[MUD-Dev] Psychology & Player Motivation (was Geometric Content Generation)

Sasha Hart Sasha.Hart at directory.reed.edu
Mon Oct 8 20:11:08 New Zealand Daylight Time 2001


[Ola]
> [Rayzam]

>> Neither does dying in a mud. Or losing equipment. Or having to
>> spend money on things. But without these things, you lose
>> challenge. And as per philosophy: can you truly feel happy if you
>> never feel sad?

...

> I don't agree that you loose challenge. There is challenge to
> playing the piano, making a drawing etc. What you might get less
> of is drama. Although, you can of course find drama in music.

I'd bet the point was that dying, losing equipment and so on were
parts of why many muds are any fun, and not that a game must provide
suffering (maybe as contrast) in order to provide amusement of any
sort, which is ridiculous!

I agree that many, many computer games I have played depended
critically on the availability of risks to make them very engaging -
this does seem to be one of the most salient characteristics of a
"gamey game," as opposed to totally free-form roleplay, building,
etc. which are also enjoyable, but are very different...

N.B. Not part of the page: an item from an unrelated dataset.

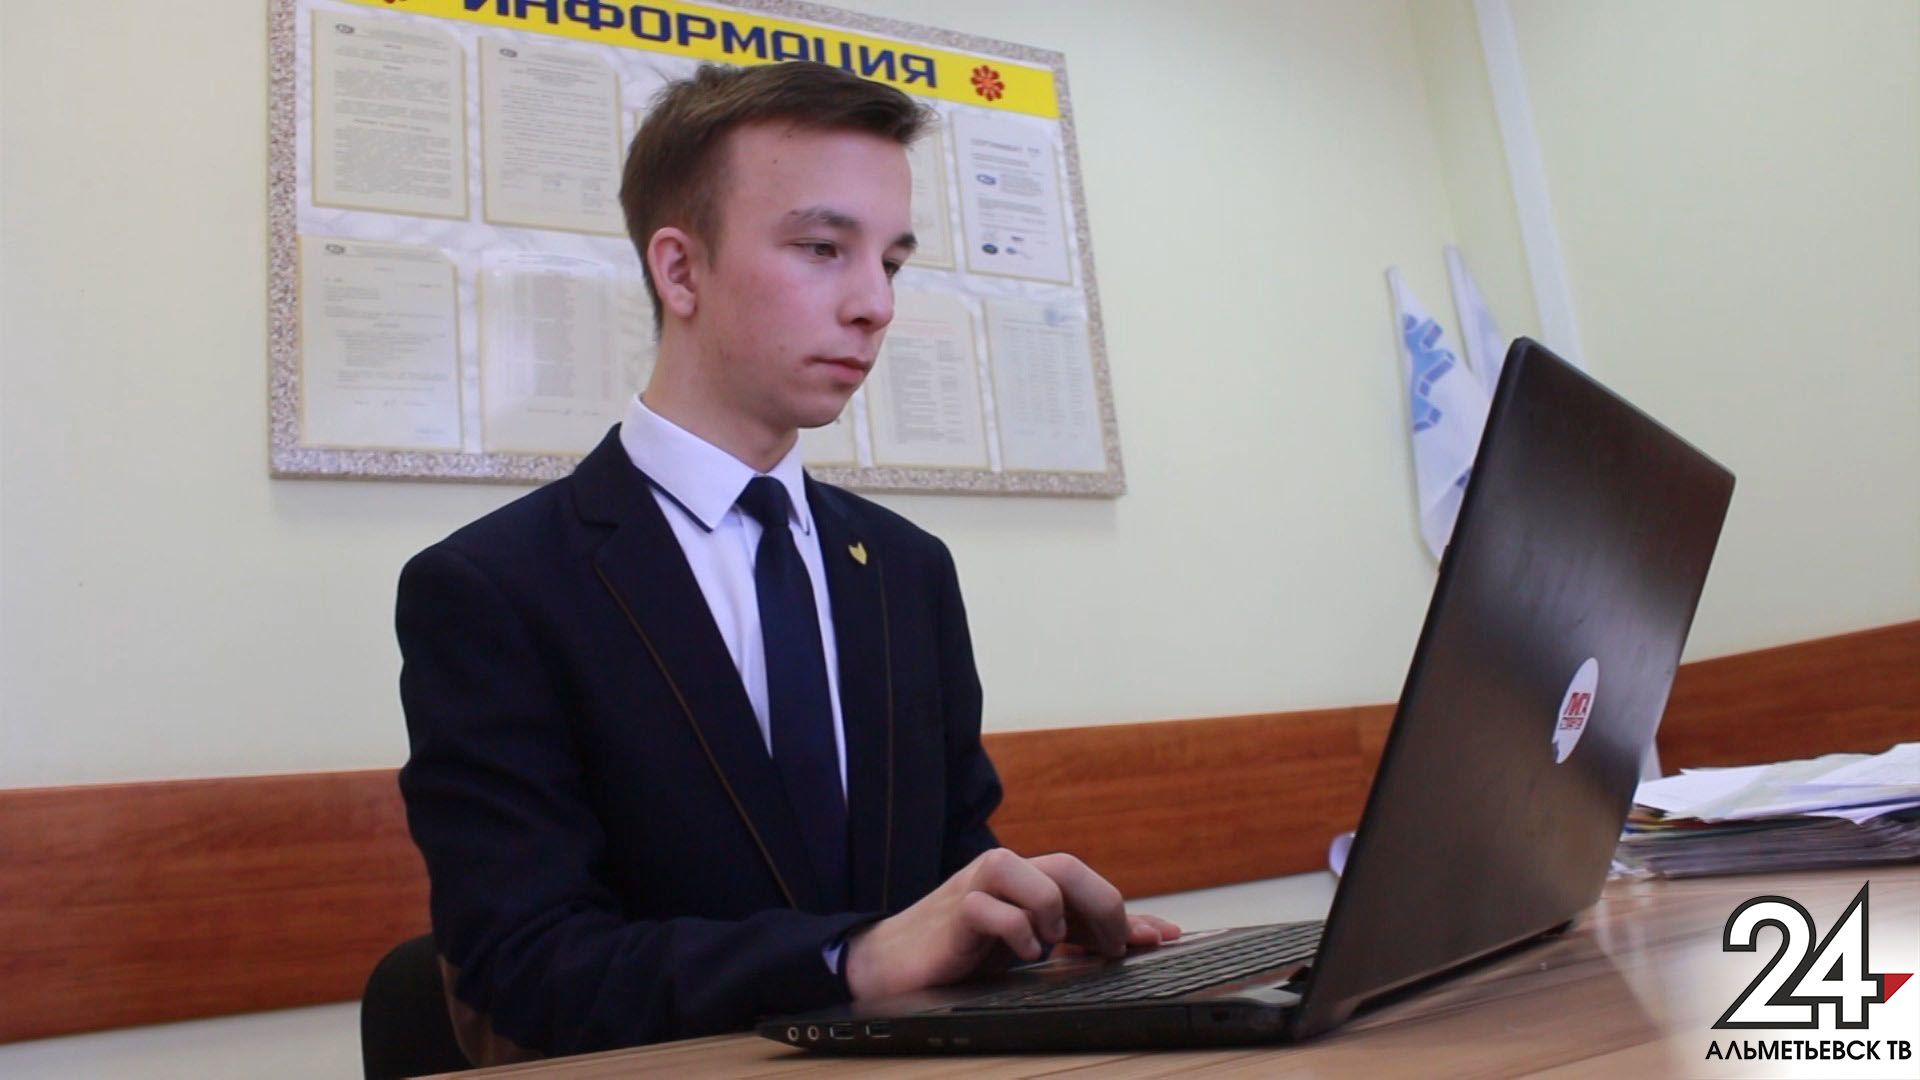 Студент, создавший компьютерную игру про Альметьевск, едет на стажировку в Европу

Although it is arguable that there is challenge, I don't think it is
controversial to say that games *feel* different without such risks,
or even that players act differently depending on whether the risks
are there. Hence it may be an important consideration to the extent
that we care to compare games in this way. (Harangue me if that was
vague.)

>> How long can you play a game in invincible/god mode?  How quickly
>> does it get boring, and thus makes the player 'not happy'?

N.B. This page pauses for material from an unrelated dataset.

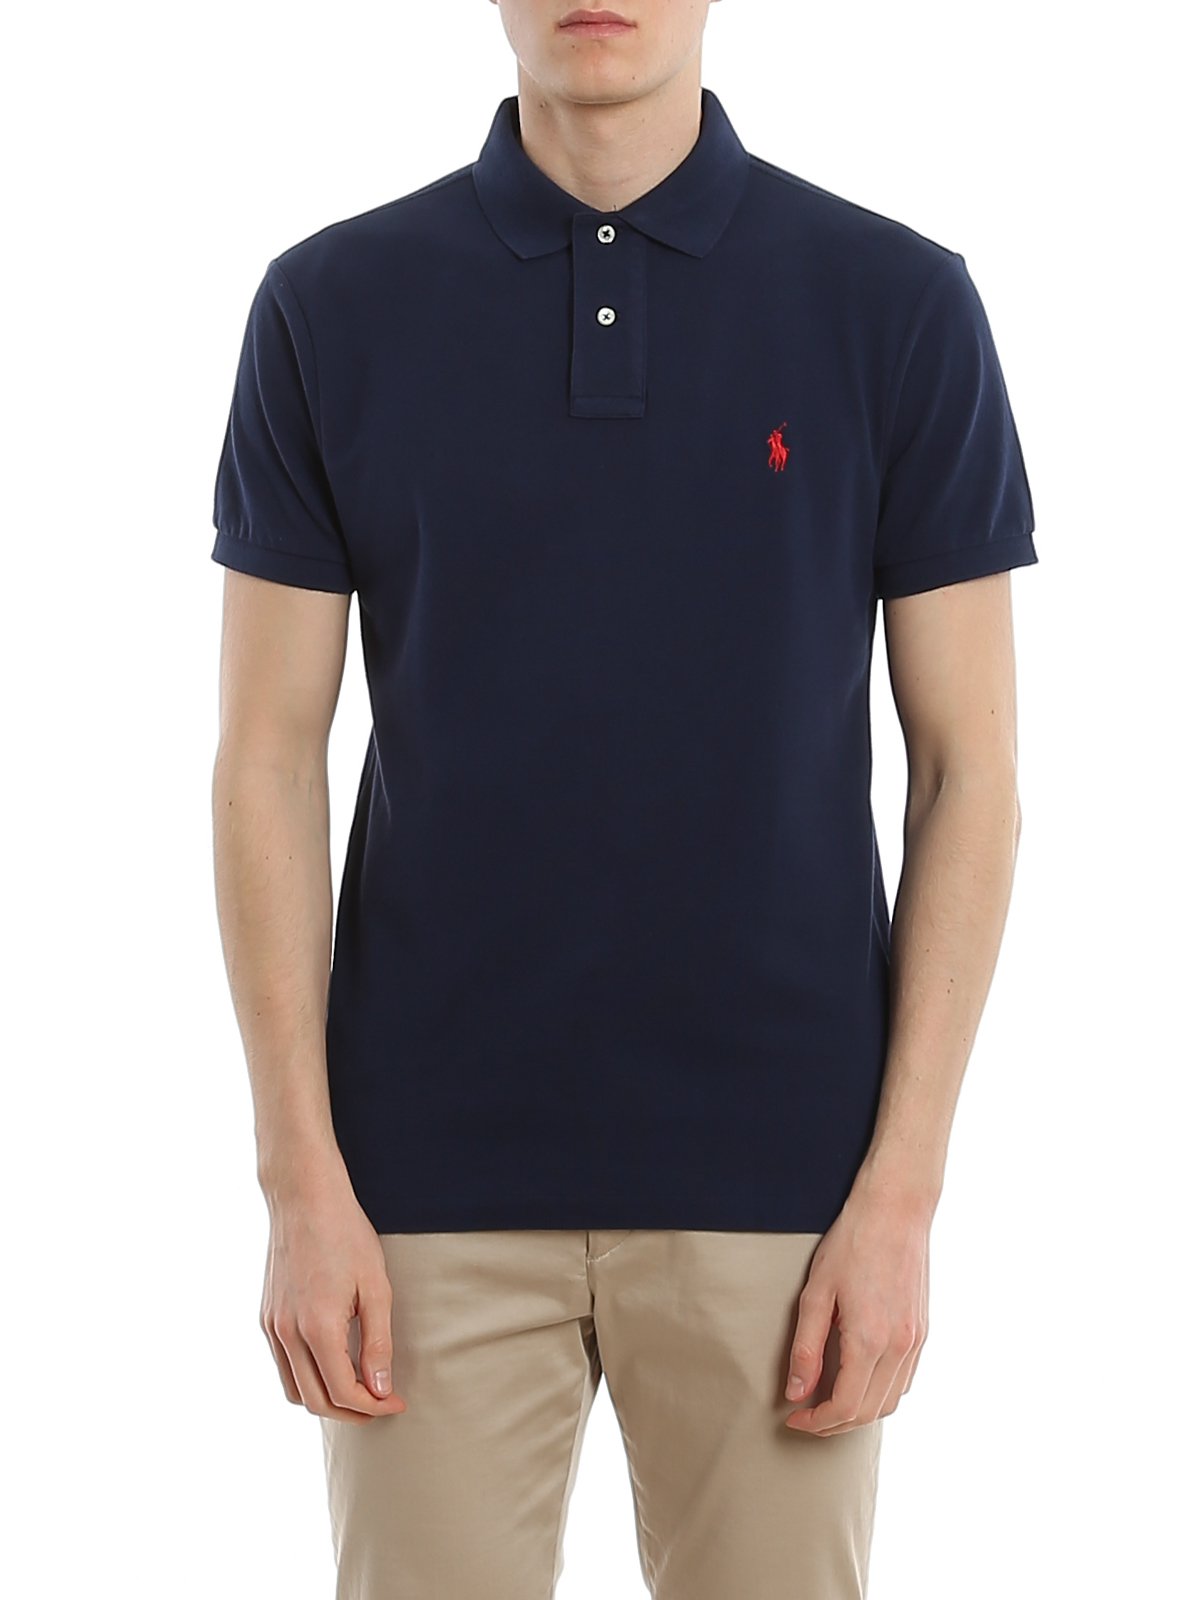 shirts Ralph Lauren - Branded shirt - 710795080007
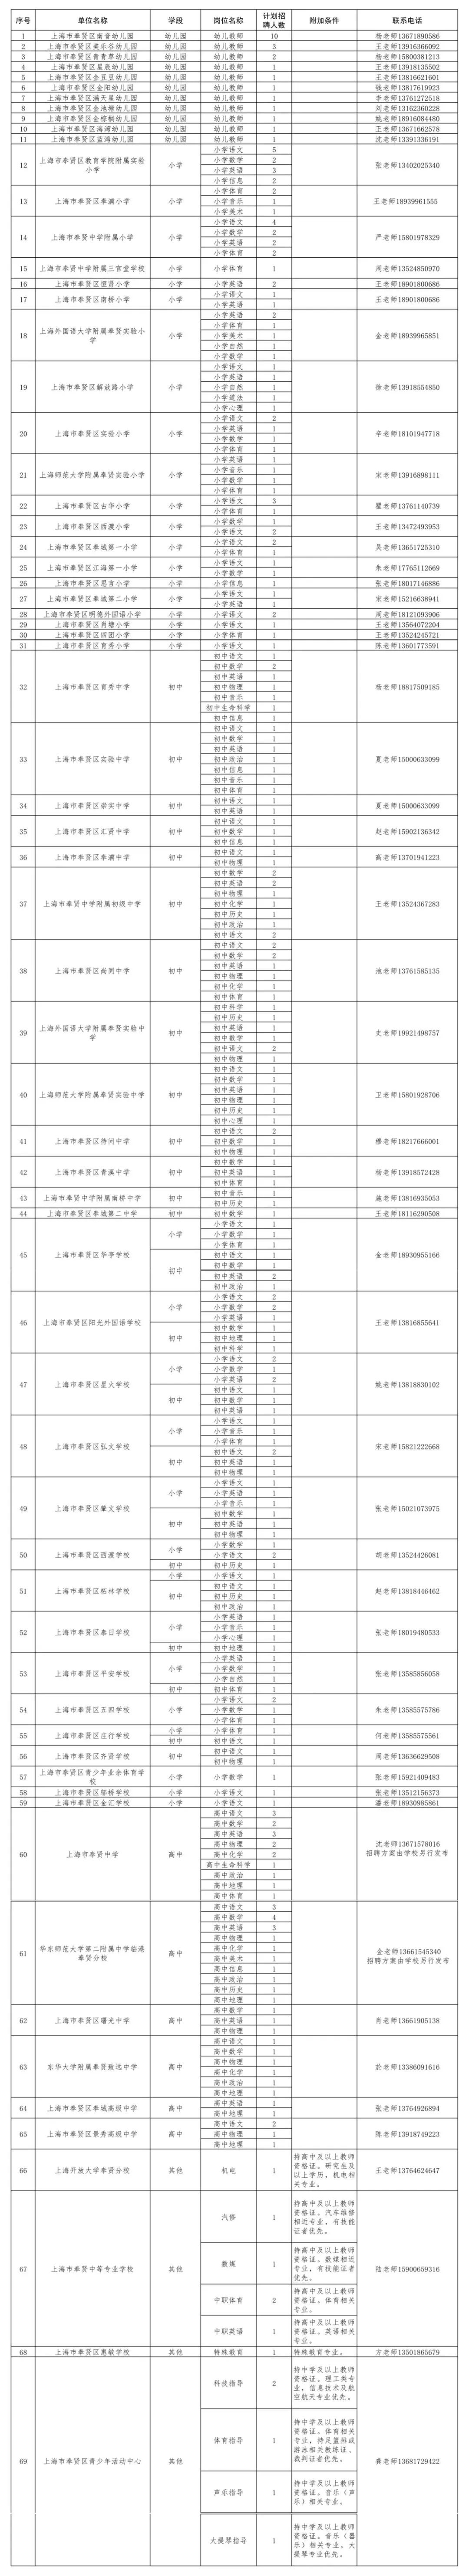 【就业】奉贤区招聘281名教师,11月13日前报名

Lack of punishment isn't what makes things boring. But the
possibility of failure may be the spice which makes things like
leveling rewarding *to begin with*.

I have the same intuition, but it is useful to keep an eye out for
how even apparently basic motivators work - I think the ongoing
struggle with this issue is easily seen in the continuous discussion
of, say, "skill based vs. level based advancement."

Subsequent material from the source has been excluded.